Directions for this task
Each line in the data must be reproduced as written, except for any picture.
--- Recorded information Enclosed Below ---
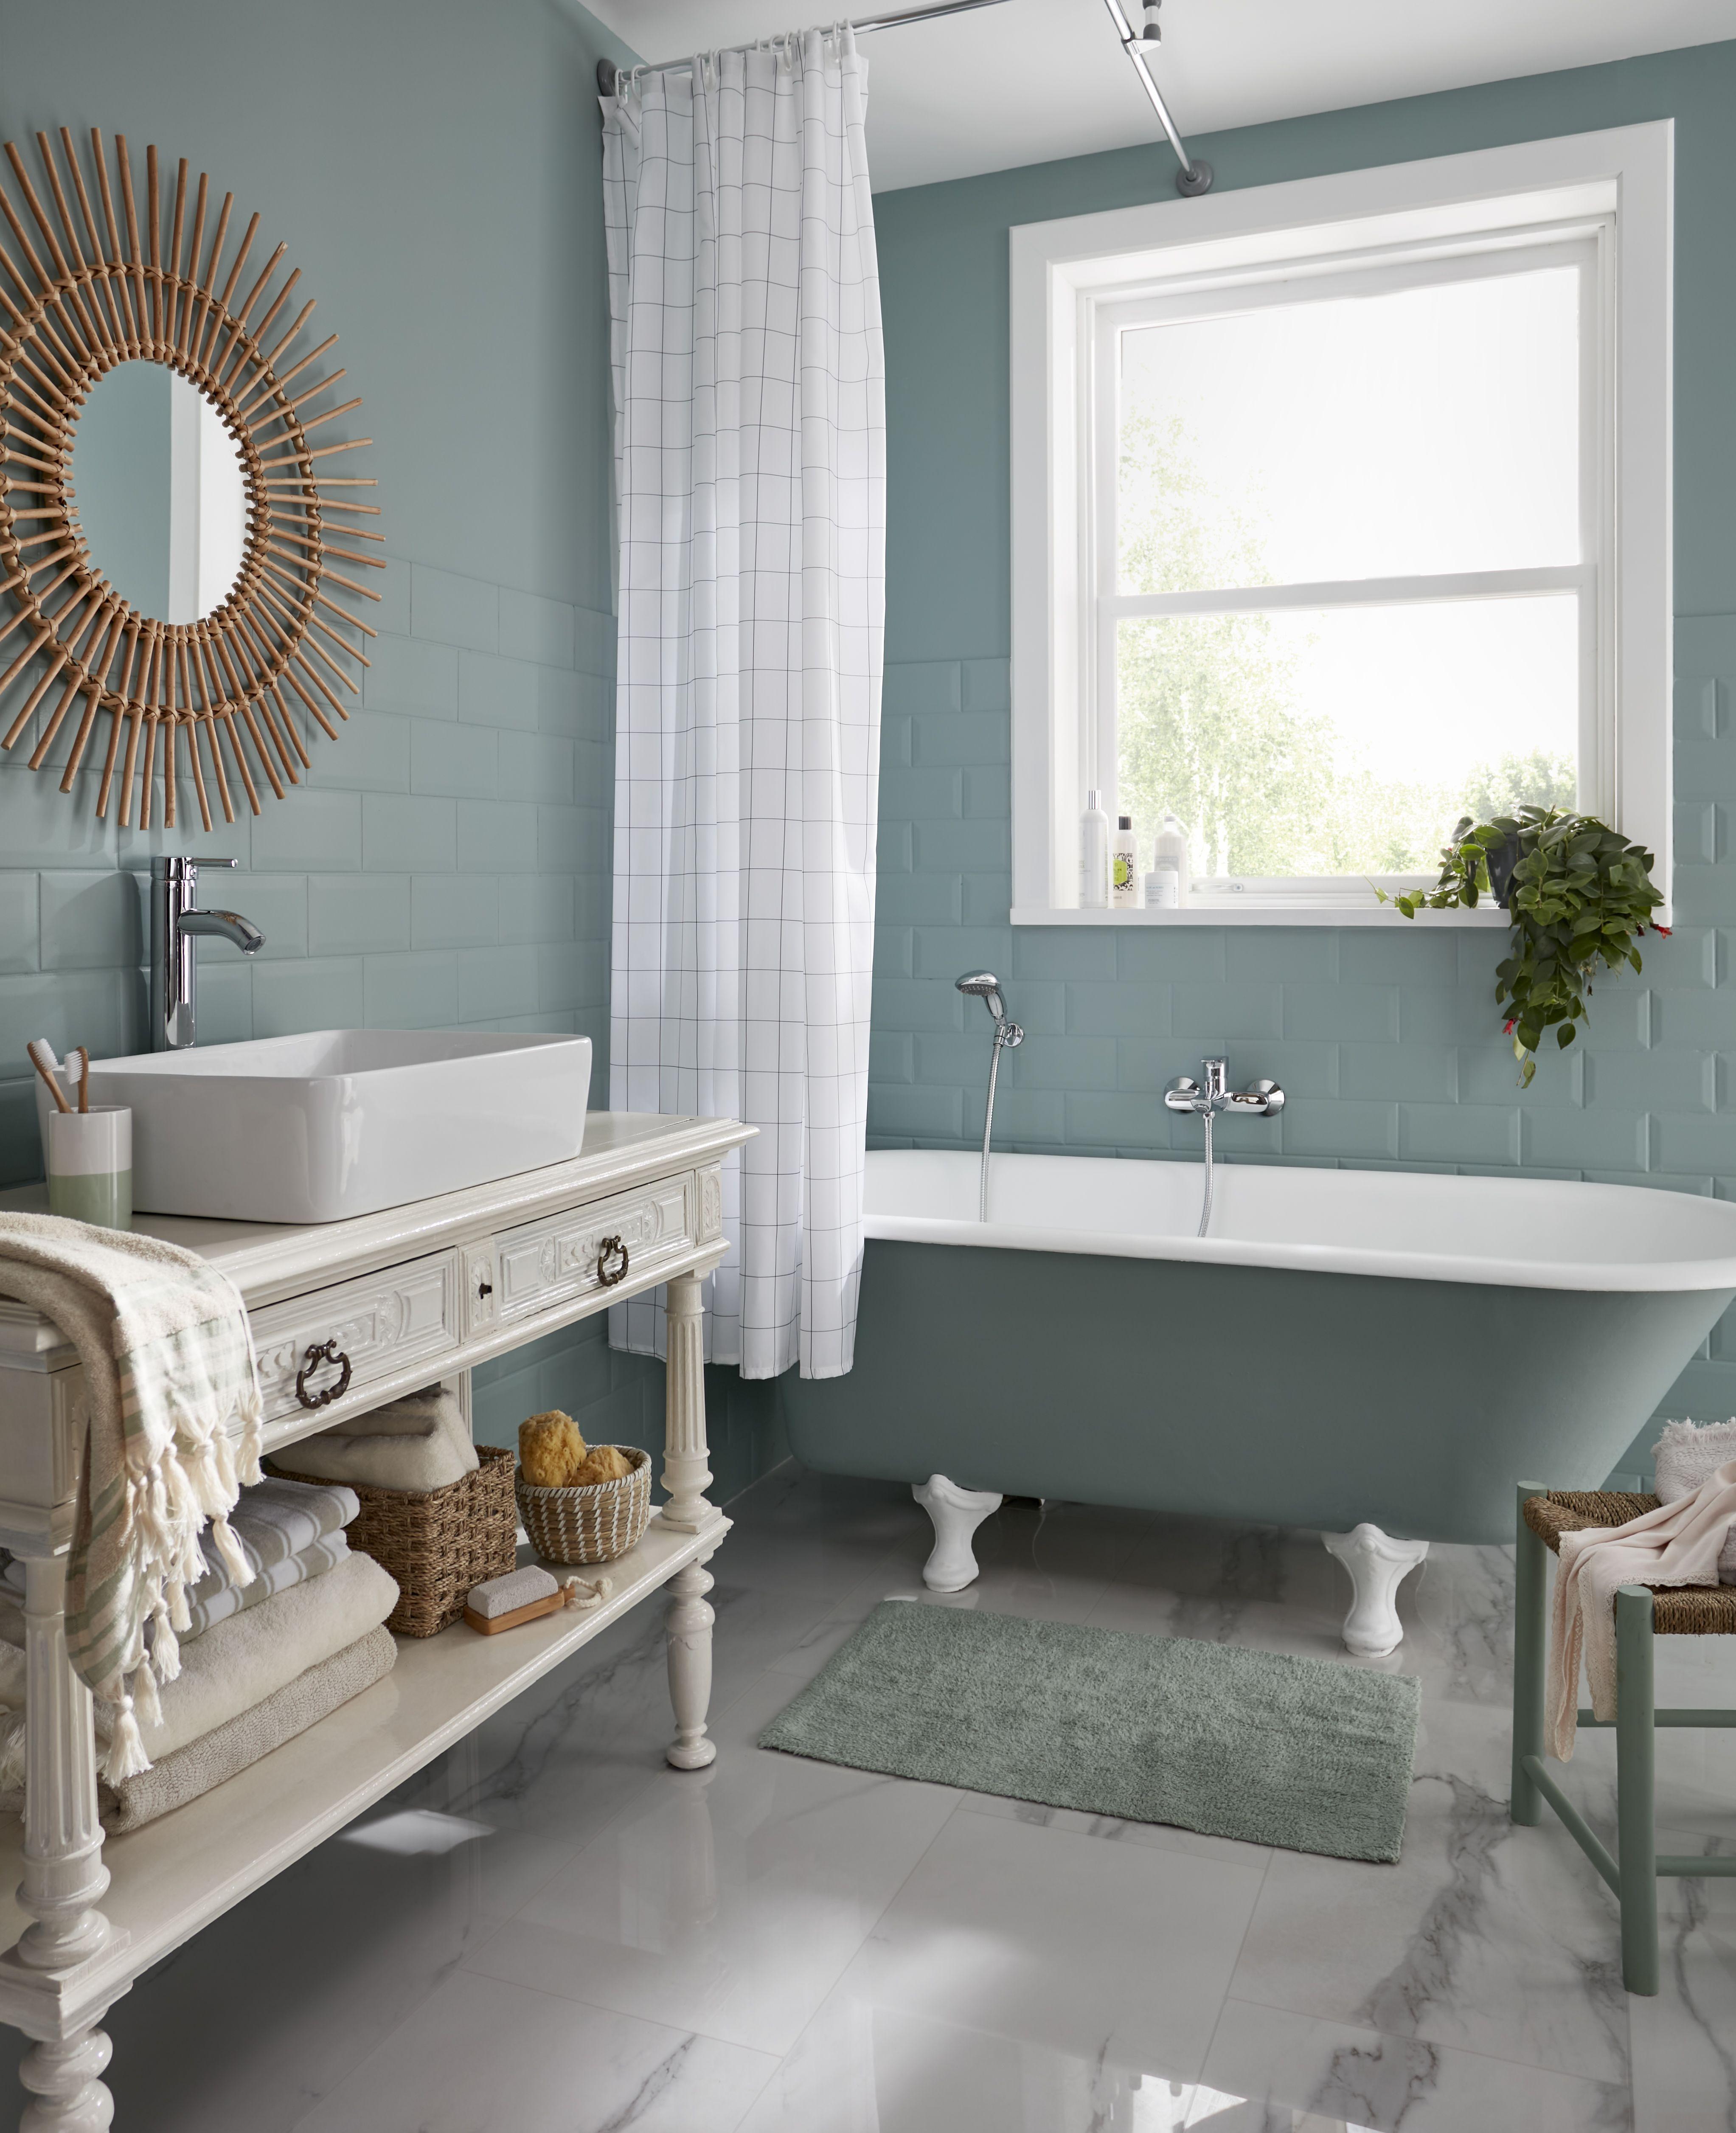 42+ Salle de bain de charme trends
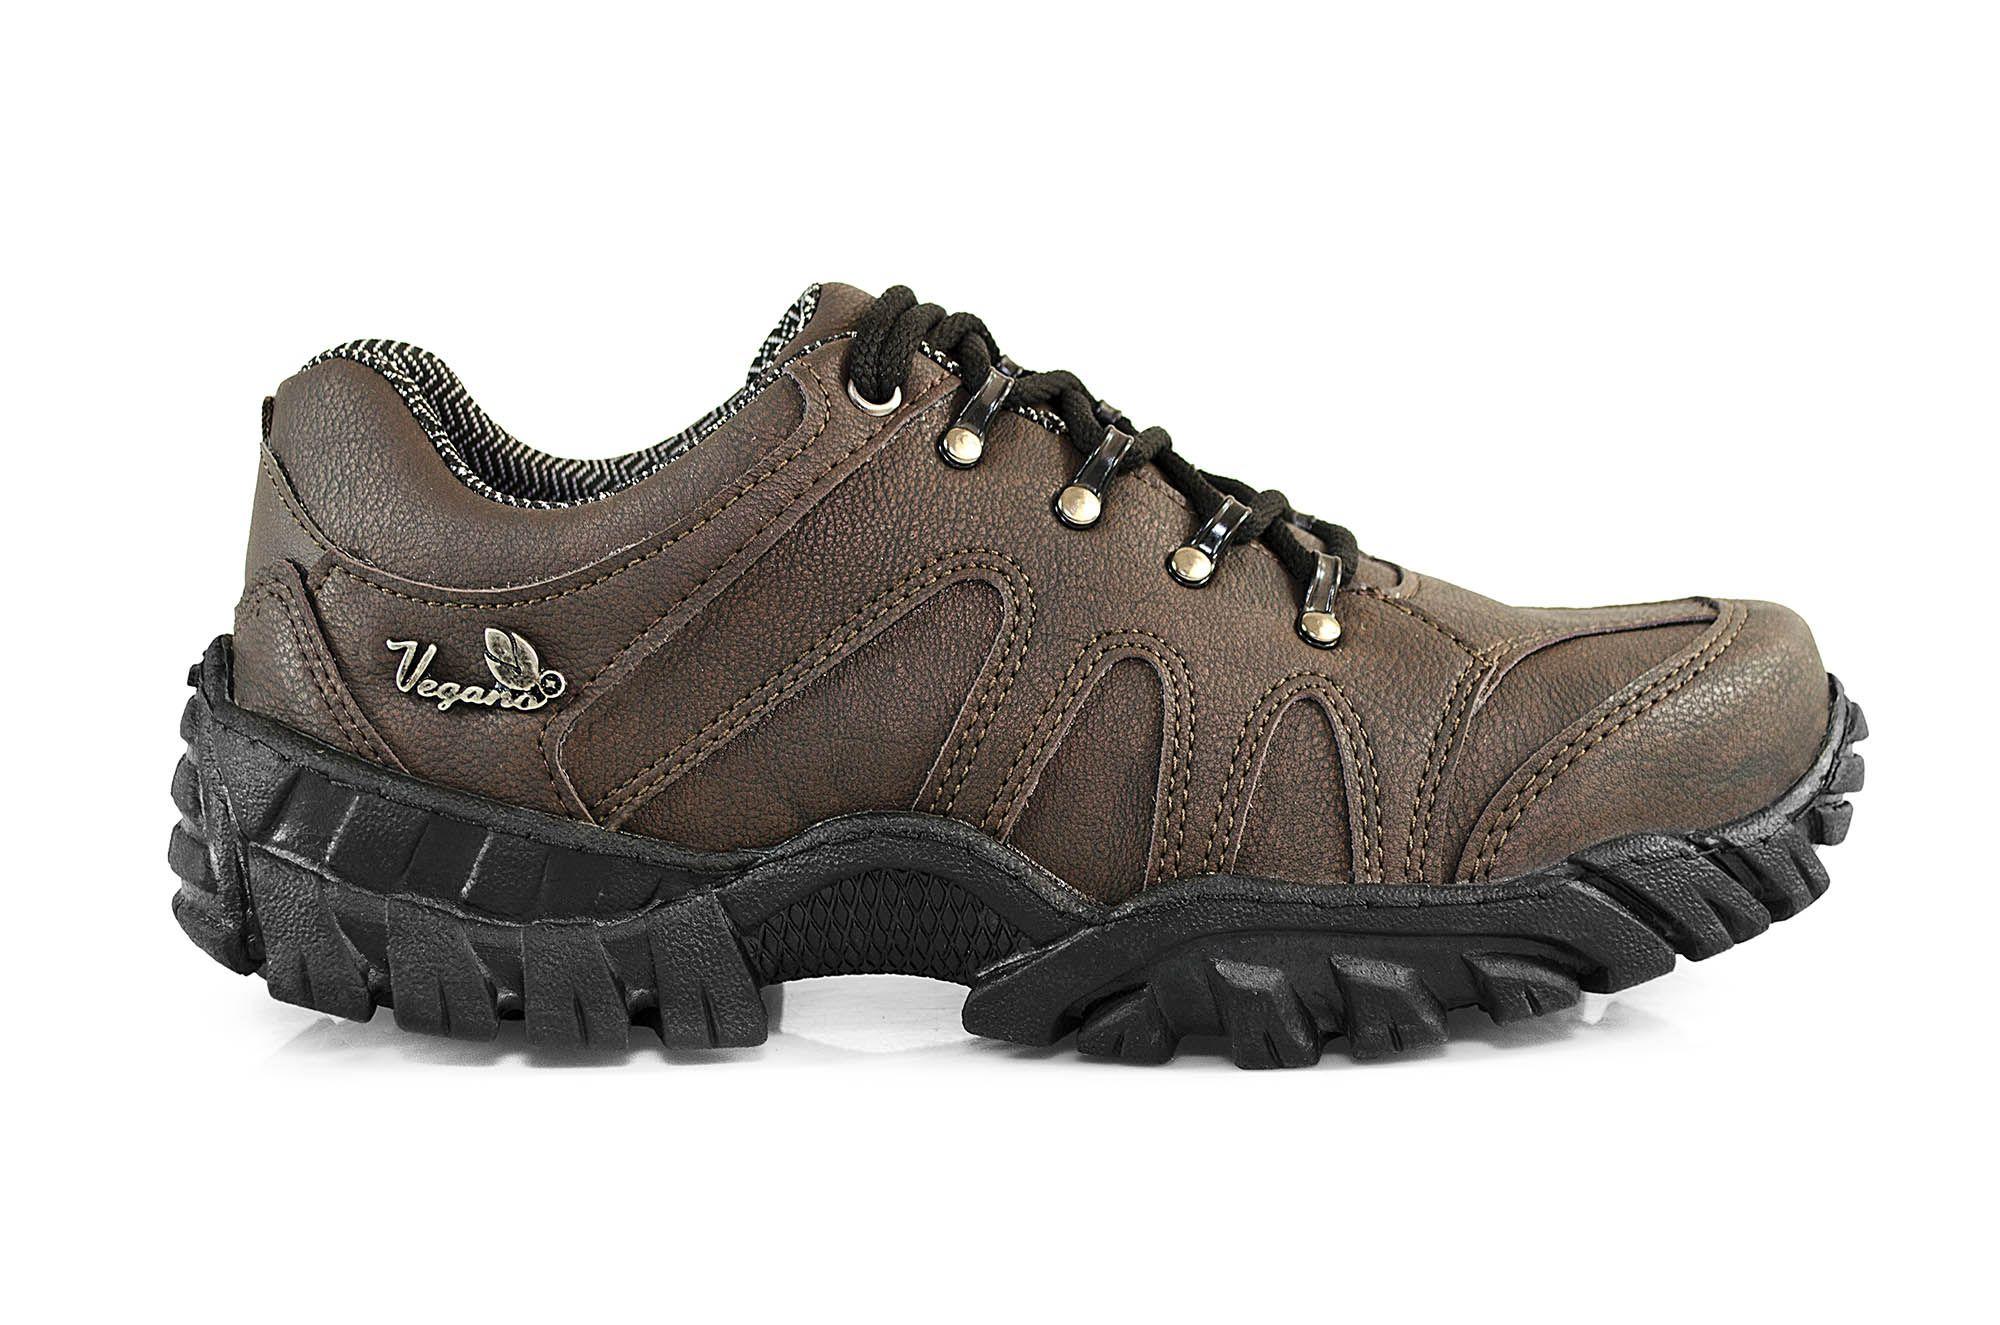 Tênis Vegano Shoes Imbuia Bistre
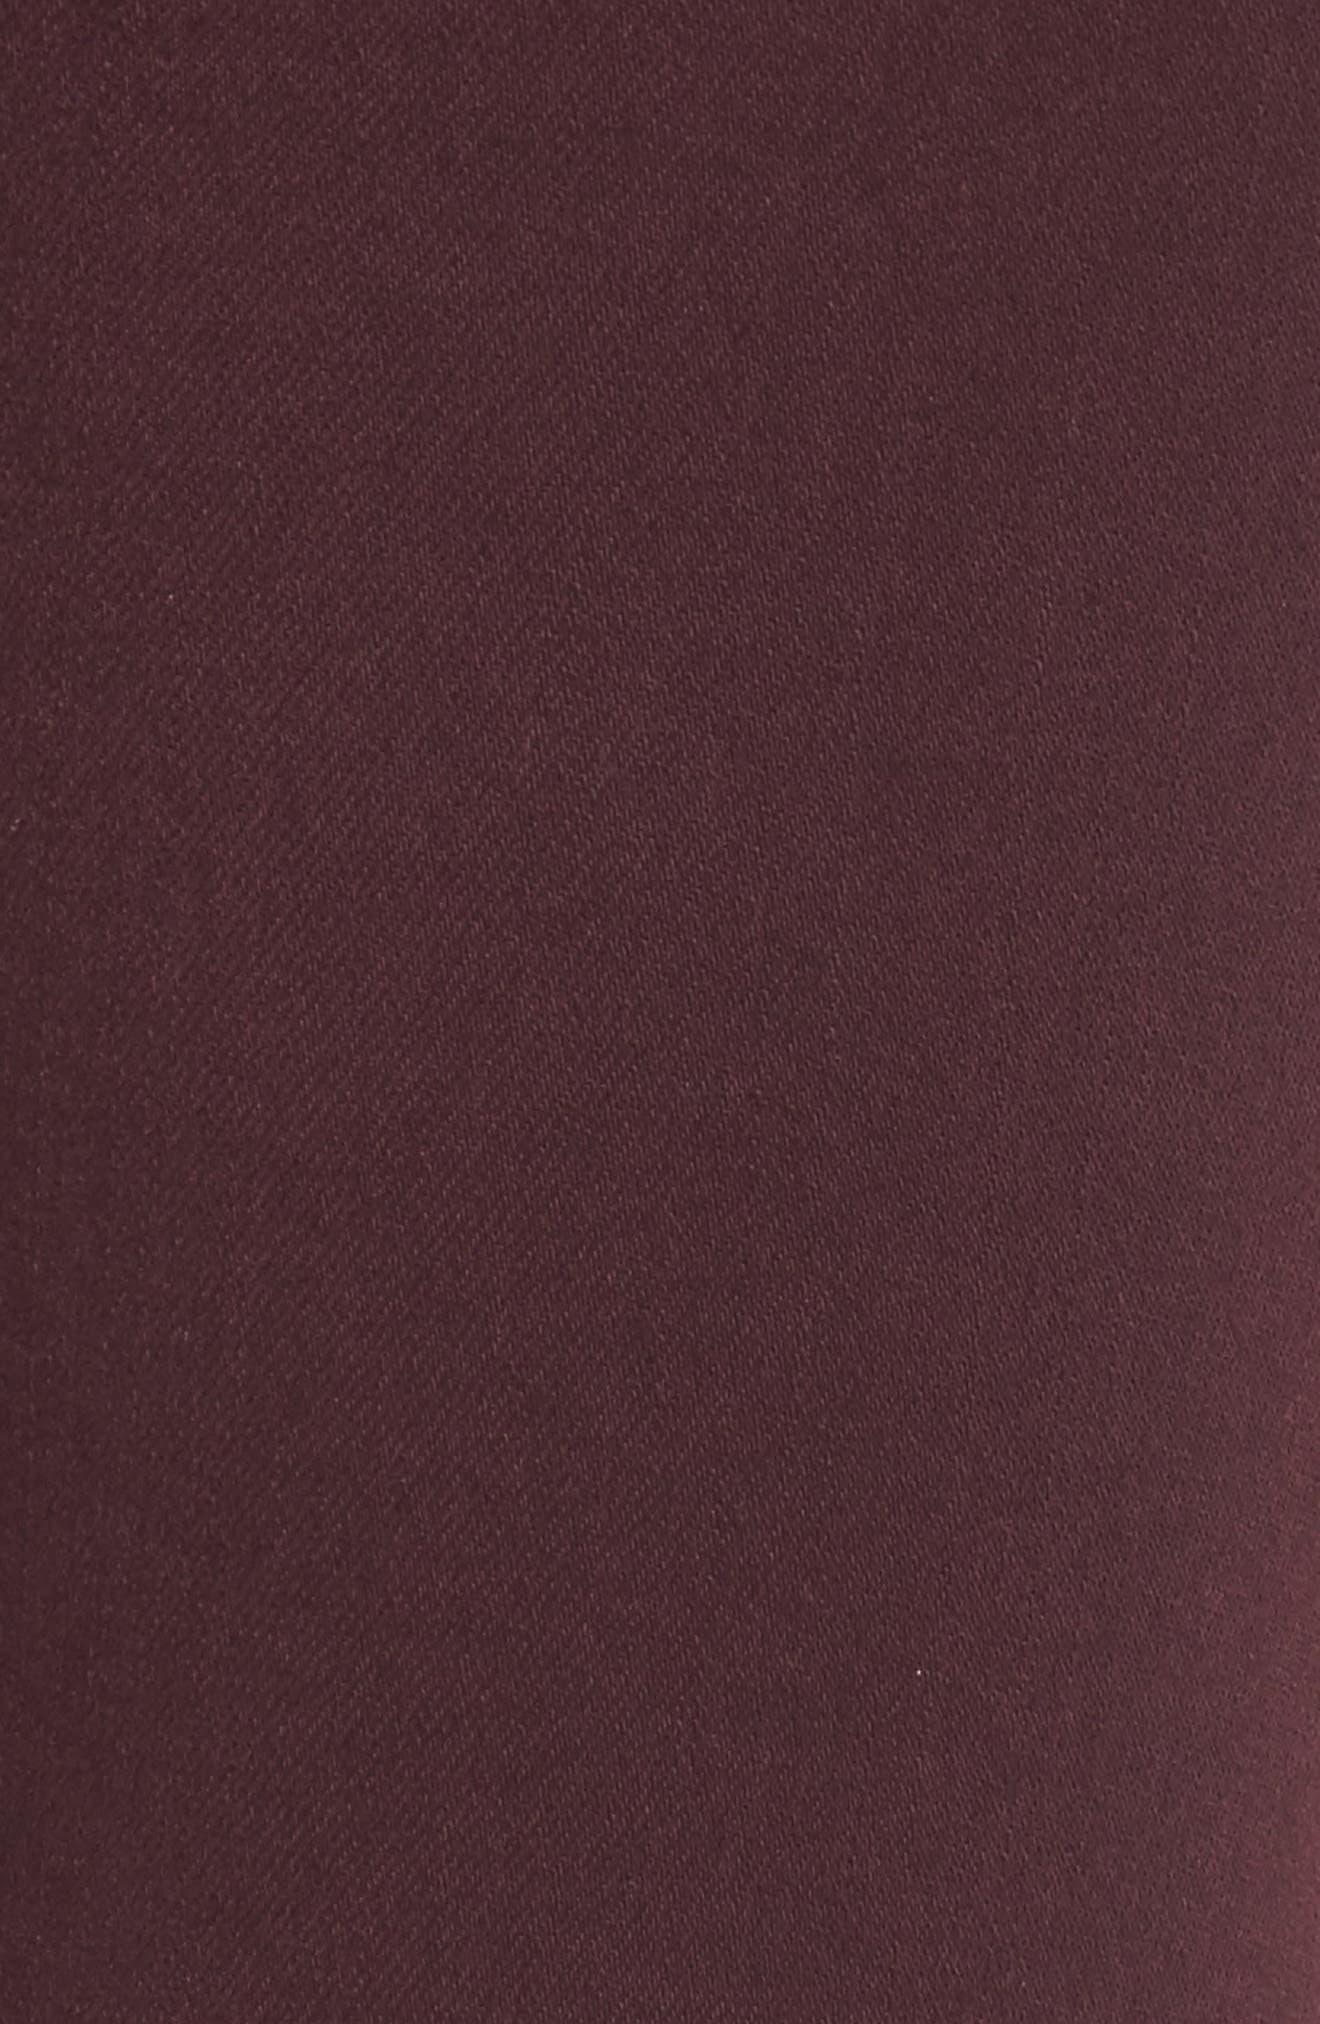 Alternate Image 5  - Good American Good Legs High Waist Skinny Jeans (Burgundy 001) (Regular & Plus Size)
--- End of Enclosed Recorded information ---
Result
 42+ Salle de bain de charme trends
 Tênis Vegano Shoes Imbuia Bistre
 Alternate Image 5  - Good American Good Legs High Waist Skinny Jeans (Burgundy 001) (Regular & Plus Size)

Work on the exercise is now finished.